Meet those needs with a concept

By “concept” I mean an idea that you want to communicate. I wanted to talk about Blog Wise in a way that:

  • inspired Jeff’s readers’ passion: so I decided to use Jeff himself (and the interview he did with us for Blog Wise) as the hook
  • helped them write: so I thought about a technique that helped me as a writer, regardless of what I’m writing
  • provided them with something new: the technique I thought about—having a “writer’s mindset”—wasn’t something I’d heard talked about before. I gave it a catchy name, “constant writing,” to give the article more obvious value, a title hook, and some serious punch.

Using this information, I decided I’d write a guest post that showed readers how to become constant writers.

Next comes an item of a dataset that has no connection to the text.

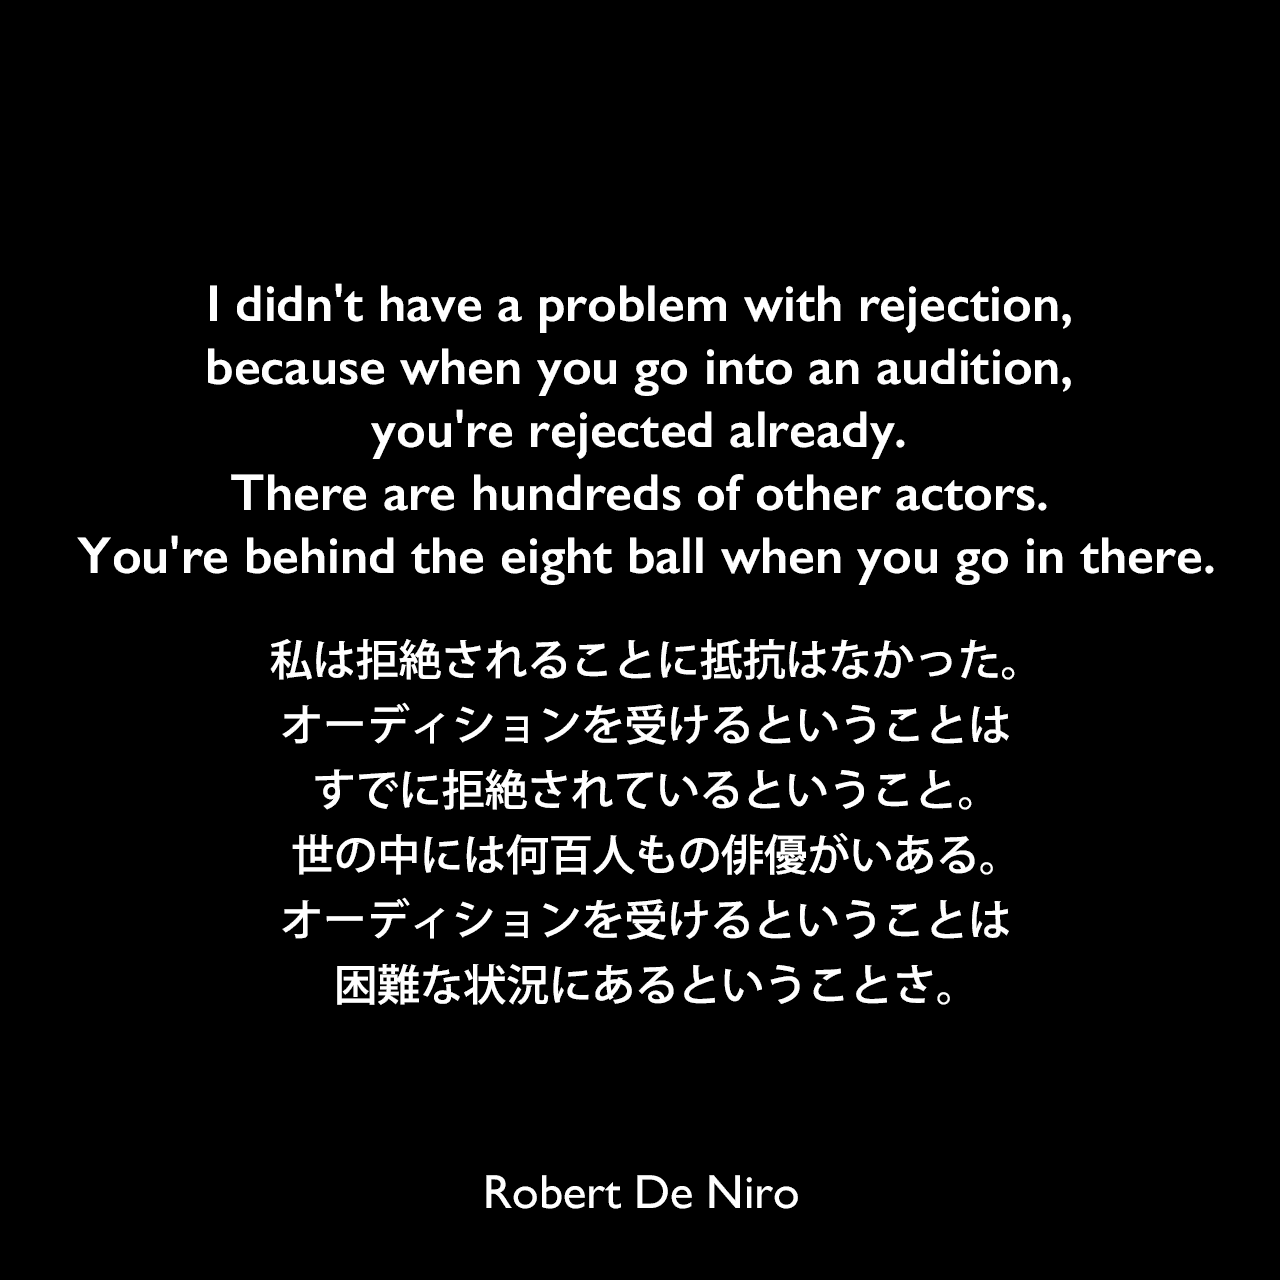 I didn't have a problem with rejection, because when you go into an audition, you're rejected already. There are hundreds of other actors. You're behind the eight ball when you go in there.私は拒絶されることに抵抗はなかった。オーディションを受けるということはすでに拒絶されているということ。世の中には何百人もの俳優がいある。オーディションを受けるということは困難な状況にあるということさ。Robert De Niro

This met my needs and those of my readers—easily checked against the bullet points I made above.

Aspects of “concept” you might want to consider here include:

  • catchwords or phrases
  • content format
  • hooks and angles
  • titles.

Extend that concept into a content plan

Obviously your content plan will depend entirely on your concept and the format you’re using. A guest post outline is not an ebook outline, nor is it an email series outline, a video plan, or an infographic storyboard.

But whatever your format, your outline needs to be based around the key messages that communicates your concept to your audience. So you need to develop it with your target readers in mind.

By now, the needs you’re trying to meet should be ingrained and inherent in your thinking, so you can focus entirely on the readers and creating content that meets their needs.

Write down the key points you want to communicate to them, as sentences, subheadings, questions—whatever feels right. For my guest post, those key points were:

  • Jeff’s philosophy: just get started
  • Problem: how do you “just get started”?
  • Identify technique: pro writers are constant writers
  • What is constant writing? (explain the concept)
  • How does it work? (explain how it works in practice)
  • Conclusion.

That’s a good start, but it’s not really detailed enough for me to write the article yet, particularly in those latter sections. So I built it out.

  1. Intro

    • Explain Jeff’s philosophy: just get started.
    • Mention interview, and expand on what Jeff said.
    • Detail the problem: how do you “just get started”?.
    • Identify technique: pro writers are constant writers.
  2. What is constant writing? (explain the concept)
    • Mention writing “addiction” and the importance of loving expression.
    • Explain what constant writing isn’t: writing, completion, skills, becoming a “serious” writer or taking writing “seriously”.
    • Explain the point of constant writing: playing with words.
  3. How does it work? (explain how it works in practice)
    • Pay attention to your expression (with examples: email, text, etc.).
    • Read (examples: signs, t-shirts, books and magazines).
    • Listen (conversations, announcements, songs).
  4. Conclusion: Show readers how they’ll change if they put this philosophy into practice, to become constant, addicted, writers.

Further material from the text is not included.